■ Entries provided ■
━━━━━━━━━━━━━━━━
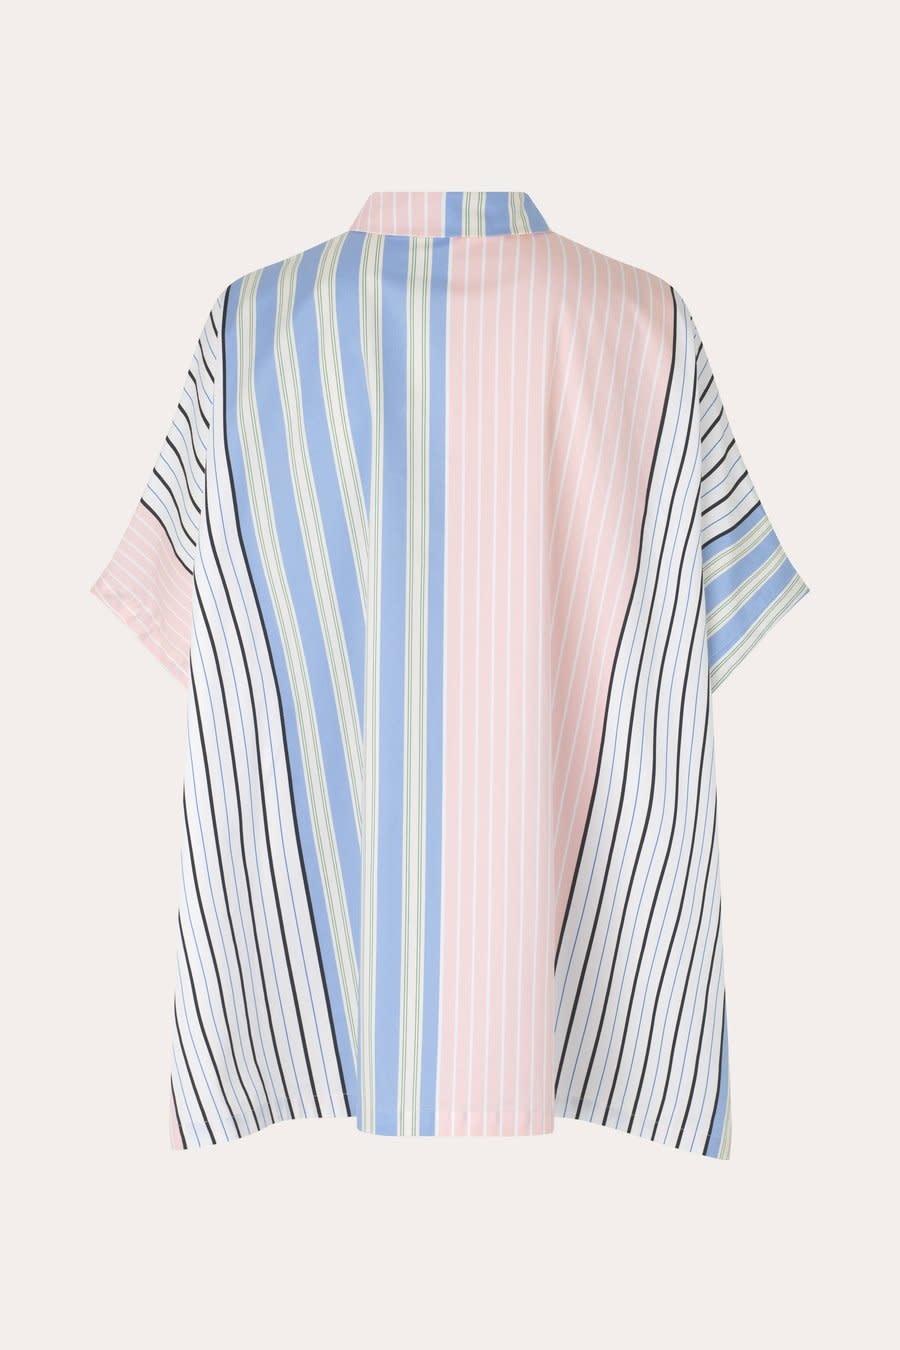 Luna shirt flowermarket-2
━━━━━━━━━━━━━━━━
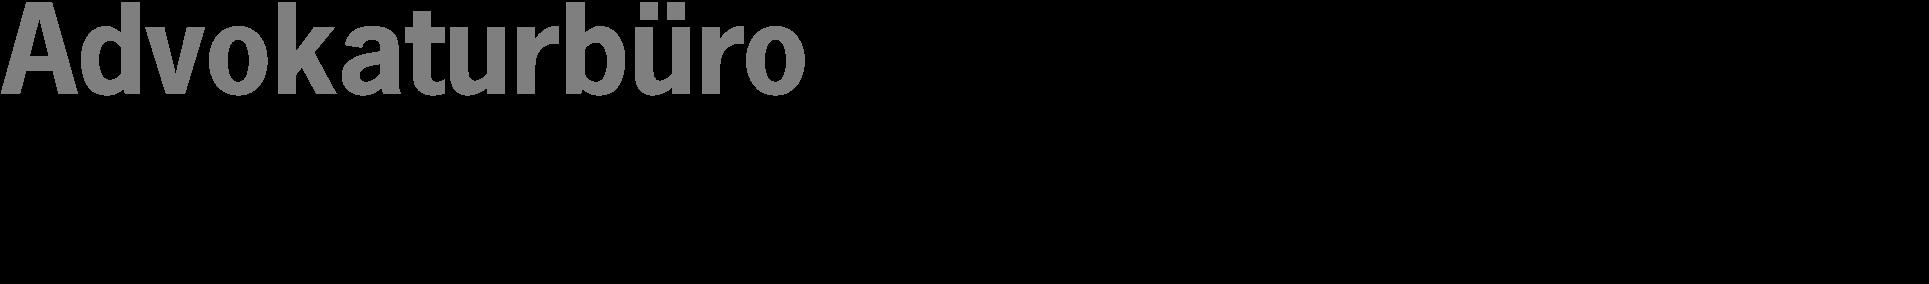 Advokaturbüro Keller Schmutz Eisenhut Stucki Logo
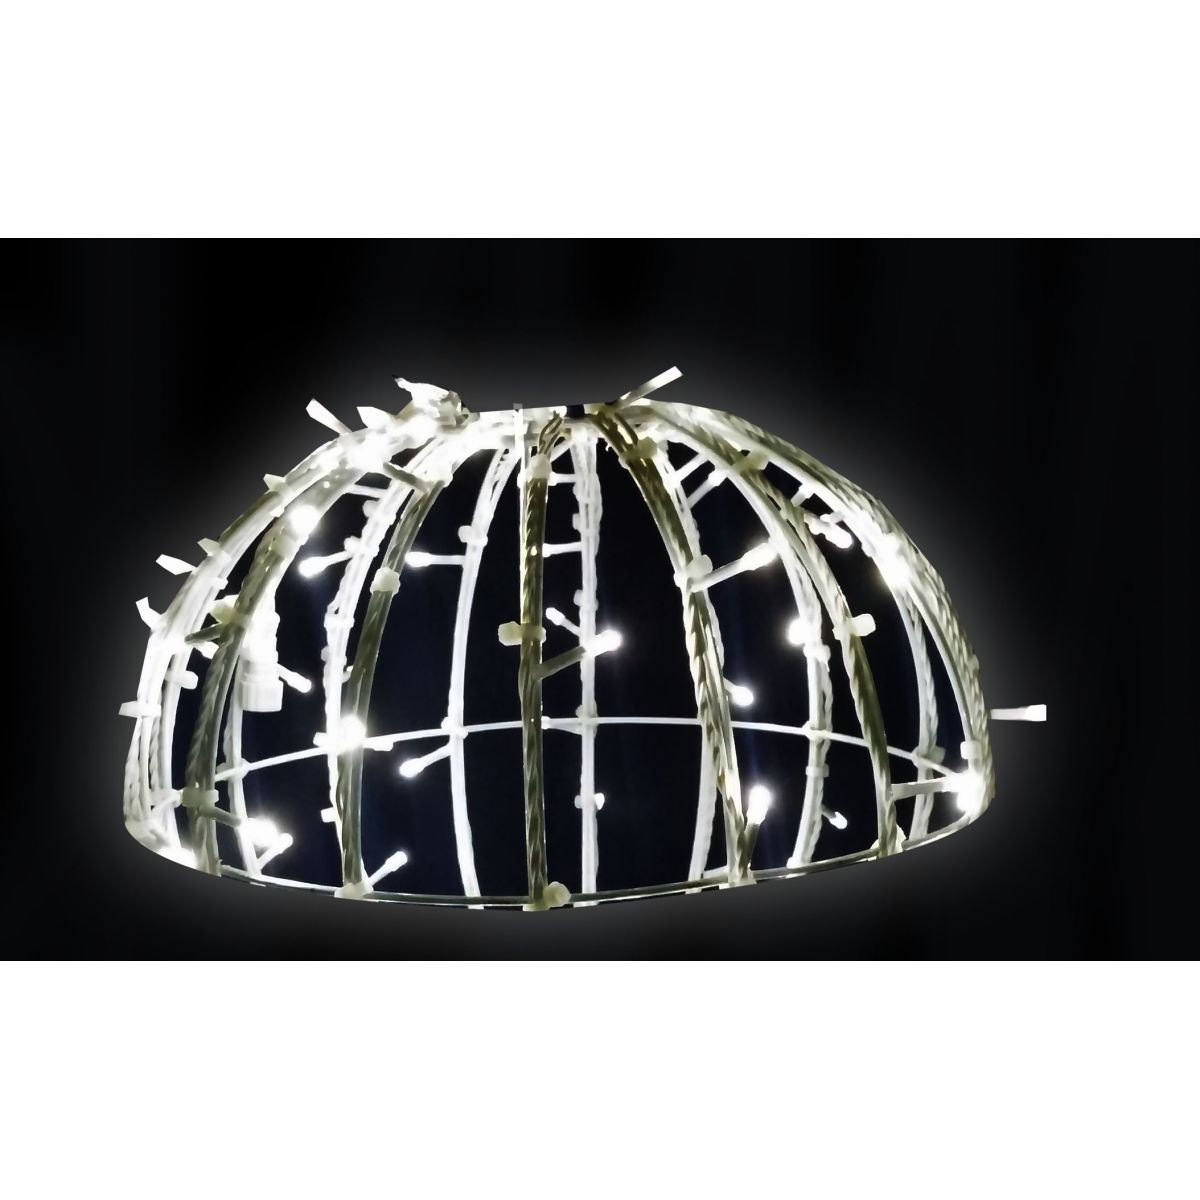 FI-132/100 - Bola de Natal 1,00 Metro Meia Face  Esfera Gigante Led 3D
━━━━━━━━━━━━━━━━
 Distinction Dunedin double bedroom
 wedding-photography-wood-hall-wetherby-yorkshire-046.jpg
━━━━━━━━━━━━━━━━
■ Problem ■
Reproduce exactly the lines above from the line with "Distinction Dunedin double bedroom" to the line with "wedding-photography-wood-hall-wetherby-yorkshire-046.jpg", including both, and add nothing.

■ Exercise answer ■
 Distinction Dunedin double bedroom
 wedding-photography-wood-hall-wetherby-yorkshire-046.jpg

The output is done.